An exemplary system may include any one or more of the following features:

driving and operating conditions: (i) three-drive system injection pump with independent control; (ii) each driver may communicate with each other; (iii) each injector can be independently operated through an independent push block; each drive may be programmed, for example, using a laptop computer or other computer system via RS-232 or other connection.

The pump function: programming each driver to have infusion/withdrawal functionality in a programmed sequence, such as (i) bolus mode; (ii) a pulsatile mode, (iii) a ramp-up mode, (iv) a variable flow mode; (v) a target volume; (vi) a target time; (vii) functional variables such as flow, volume, change in number of cycles, change in time delay between cycles, cycles synchronized with pressure sensor input.

Software: integrated programmable software for (i) programming the pump display and operating parameters and steps in an external computer system or portable computer; (ii) communication between multiple (e.g., three) drives; (iii) the ability to interact with an online pressure sensor.
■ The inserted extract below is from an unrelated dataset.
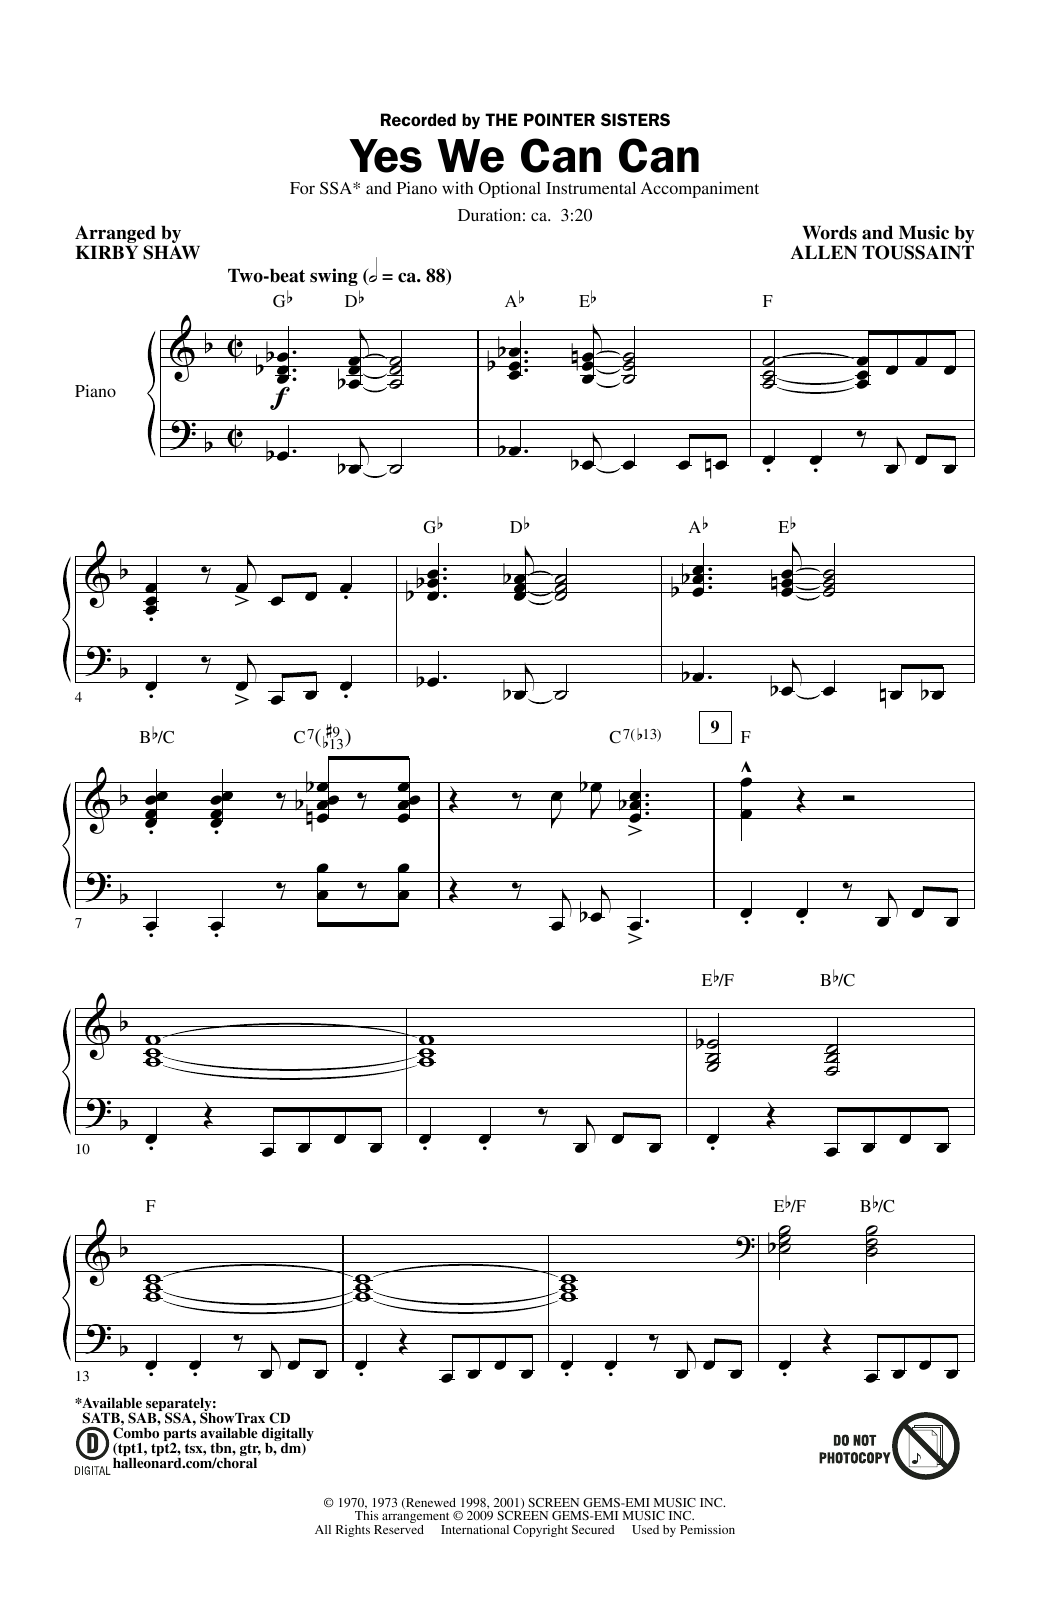 Download The Pointer Sisters Yes We Can Can (arr. Kirby Shaw) Sheet Music

A clamping system: the pump may include an automatic clamping system to clamp the tubing set at a predetermined time. The clamping system can clamp and release a plurality of extension lines. The clamping system can clamp according to infusion curve setting or a separate program. The clamping system may include clearly identified ports for the lumen and extension wires.

A sensor: the pump may communicate with a built-in/in-line sensor, such as a pressure sensor, 1CP sensor, etc.

Non-volatile memory: settings, medication dose profiles, syringe profiles (including custom inputs), acceptable force limits for different syringe types, and/or various other data may be stored in the system, including on non-volatile memory.

And (4) alarming: the system may provide an audible, visual, tactile or other alert based on flow, pressure, air bubbles, syringe empty, scram, ICP pressure high, online pressure high, etc.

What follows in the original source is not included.